Sunday, 20. February 2022 Week 7
Saturday, 29. January 2022 Week 4

vtysock

After switching my Debian hosts from Quagga to FRRouting, I noticed that running vtysh has become quite a bit slower especially when making multiple calls to it from my status/monitoring scripts.
This has also been observed by other users of FRRouting (there's an open issue in their bugtracker: #7799).

The Prometheus frr_exporter works around this by directly sending commands to the UNIX sockets of the FRR daemons (PR).

To use the same approach in my monitoring scripts, I wrote a small utility which acts as a drop-in replacement for vtysh and sends the commands directly to the UNIX sockets of the FRR daemons: vtysock
By skipping the parsing and validation checks done in vtysh, vtysock can achieve a significant speed improvement when executing commands.

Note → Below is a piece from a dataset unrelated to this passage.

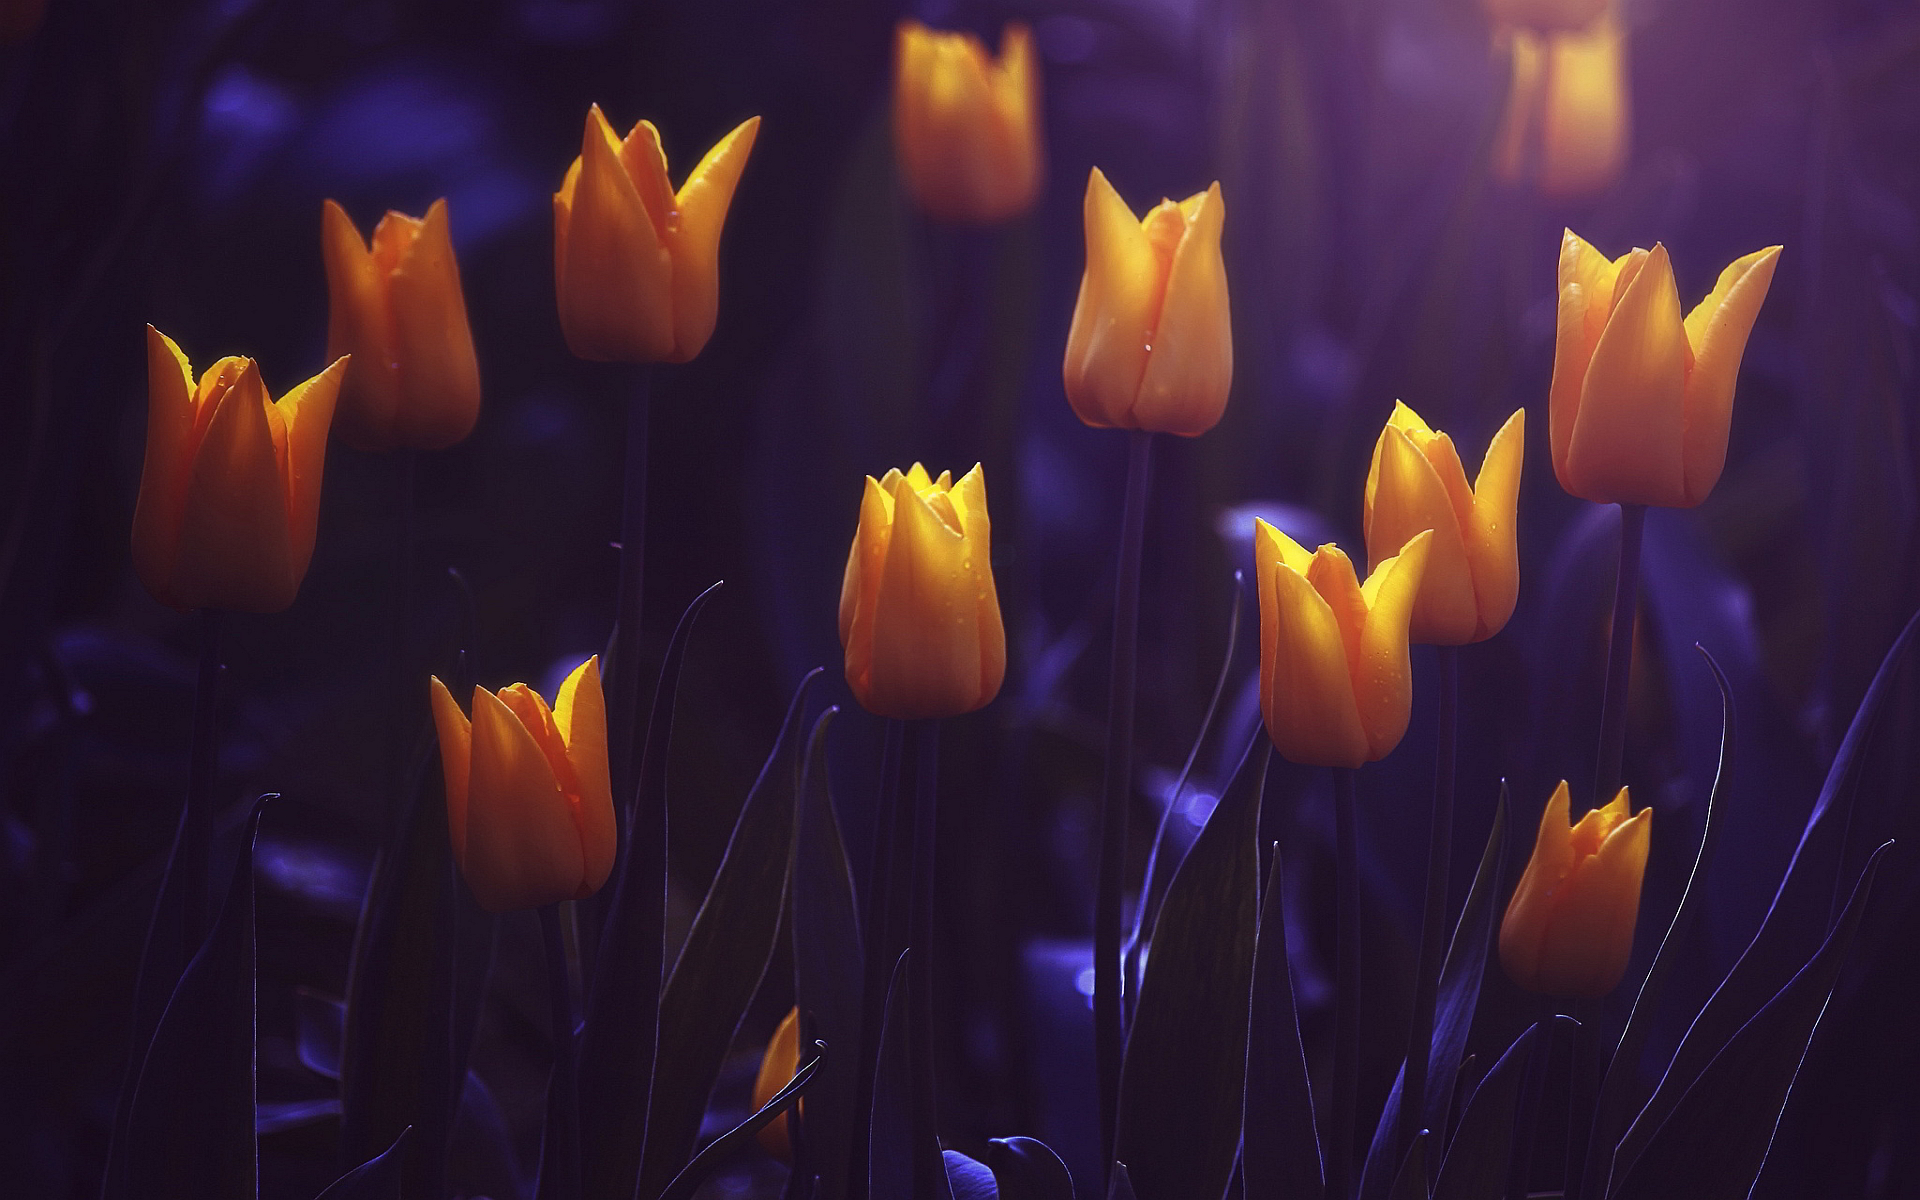 Shining yellow tulips

Sunday, 23. January 2022 Week 3

Force SSH to use IPv6

In situations where IPv6 connectivity performs better than IPv4, you might want to force SSH to use IPv6. In interactive mode this can be achieved with the -6 commandline parameter.
But in situations where you can't modify the commandline parameters a different approach is needed (for example in rsync backup scripts which use SSH as underlying transport layer).

We can use the ssh_config file to encforce that IPv6 is used for a specific host:

Host myipv6host
	AddressFamily inet6

This instructs all SSH commands to use IPv6 when connecting to myipv6host.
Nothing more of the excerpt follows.